Allen's first assignment as a flag officer was as Director of Resources at Coast Guard Headquarters then Commander, Seventh Coast Guard District, where he directed all operations in the Southeastern United States and Caribbean. Following that assignment he served as Commander, Atlantic Area and U.S. Maritime Defense Zone Atlantic. In this capacity he oversaw all Coast Guard operations on the U.S. East Coast, Gulf Coast, and Great Lakes in the aftermath of the September 11 attacks. Allen served as the U.S. Coast Guard's Chief of Staff from May 2002 until May 2006. As Chief of Staff, Allen was third in the Coast Guard's command structure, and was commanding officer of Coast Guard Headquarters in Washington, D.C.

====Hurricane Katrina====
On 5 September 2005, while serving as Coast Guard Chief of Staff, Allen was appointed deputy to Federal Emergency Management Agency Director Michael D. Brown by Homeland Security Secretary Michael Chertoff, and placed in charge of Hurricane Katrina search-and-rescue and recovery efforts. Former colleagues interviewed after the announcement praised Allen as well-suited to the task.

On 9 September 2005, Allen was given full command of the Bush administration's Hurricane Katrina onsite relief efforts. Secretary of Homeland Security Michael Chertoff elevated Allen following the removal of Federal Emergency Management Agency Director Michael D. Brown from that position. Allen announced on 25 January that he would be relieved of this responsibility on 27 January 2006.

====Commandant of the U.S. Coast Guard====
Allen assumed the duties of the 23rd Commandant of the U.S. Coast Guard on 25 May 2006. He was appointed to a four-year term by President George W. Bush and confirmed by the Senate.
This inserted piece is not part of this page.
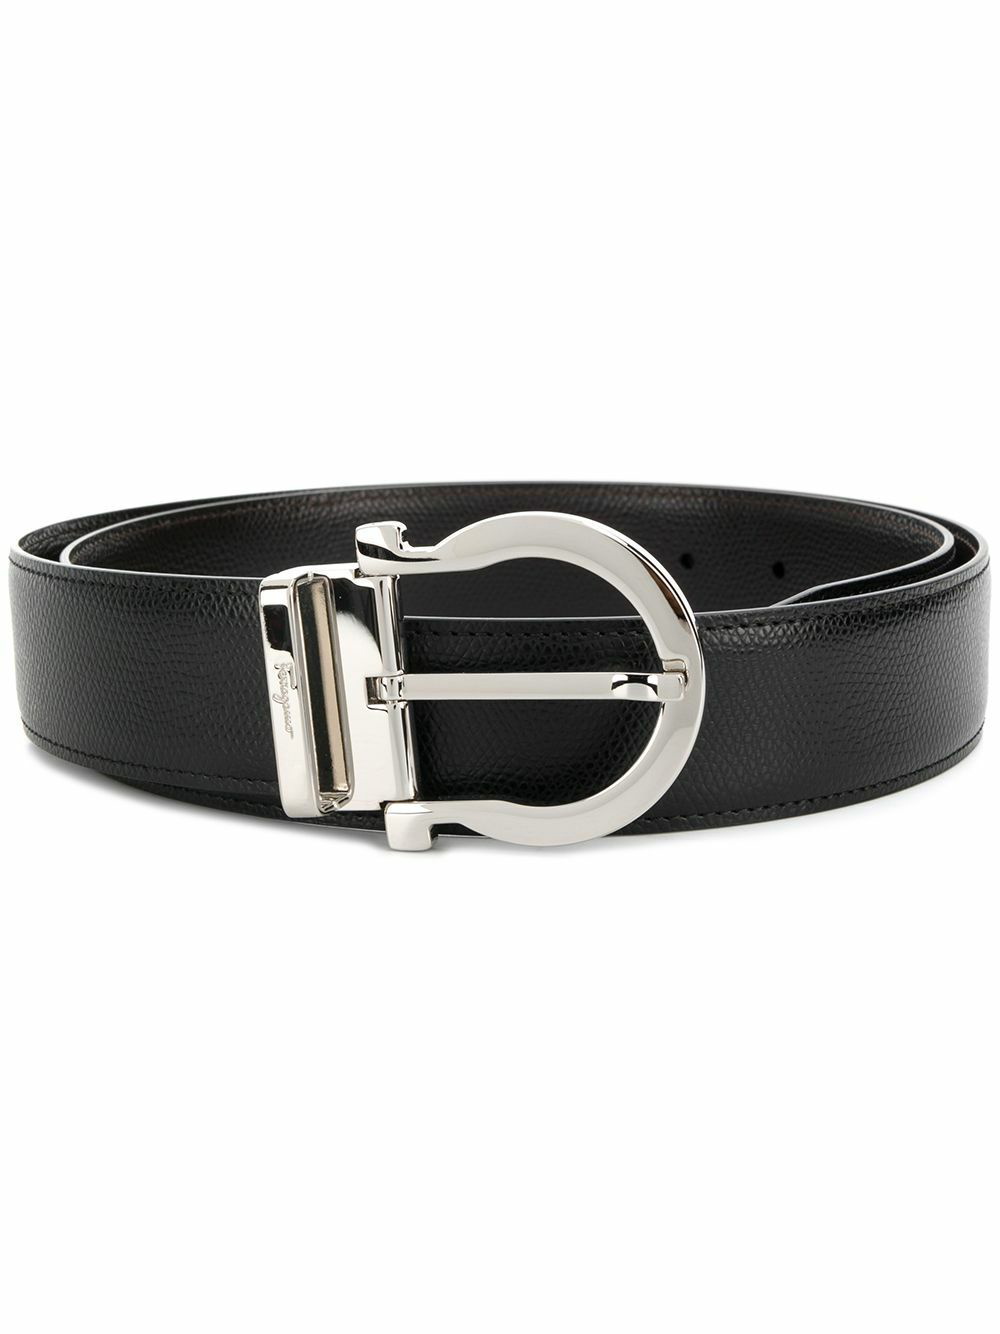 Ferragamo Men's Reversible Leather Belt with Beveled Gancini

Admiral Robert J. Papp Jr. succeeded him as commandant on 25 May 2010, in a change of command ceremony.

====Deepwater Horizon oil spill====
On 30 April 2010, Homeland Security Secretary Janet Napolitano announced that Allen would serve as the National Incident Commander for the federal government's response to the Deepwater Horizon oil spill in the Gulf of Mexico. After the end of his service as commandant on 25 May 2010, Allen continued serving as National Incident Commander until 1 October 2010, when that billet was disestablished. He also remained on active duty in the Coast Guard until 30 June 2010, which was the first time in history the Coast Guard had two active duty four-star admirals. The position of Vice Commandant of the Coast Guard has since been made a four-star rank.

====Operation Fouled Anchor (OFA) Investigation====

Because Admiral Allen served as Chief of Staff for the Coast Guard from May 2002 to May 2006 the House Committee on Oversight and Accountability investigating the Coast Guard’s mishandling of serious misconduct requested that Allen participate in a voluntary transcribed interview. The Committee stated that "[o]ne of the key questions the Committee is examining is the extent to which senior USCG leadership willfully concealed internal reports from Congress that would have informed policy changes needed to combat, and further prevent, future incidents of misconduct. Additionally, as the Chief of Staff during and the Commandant following the date range investigated by OFA, the Committee is interested in learning more about what efforts were made to notify Congress or conceal misconduct. We believe that as the former Commandant and Chief of Staff of the U.S. Coast Guard, you have information that will assist us in fully understanding the extent to which USCG withheld these reports from Congress, how these incidents of misconduct were handled, and what actions USCG took regarding those responsible. We therefore request that you make yourself available voluntarily for a transcribed interview."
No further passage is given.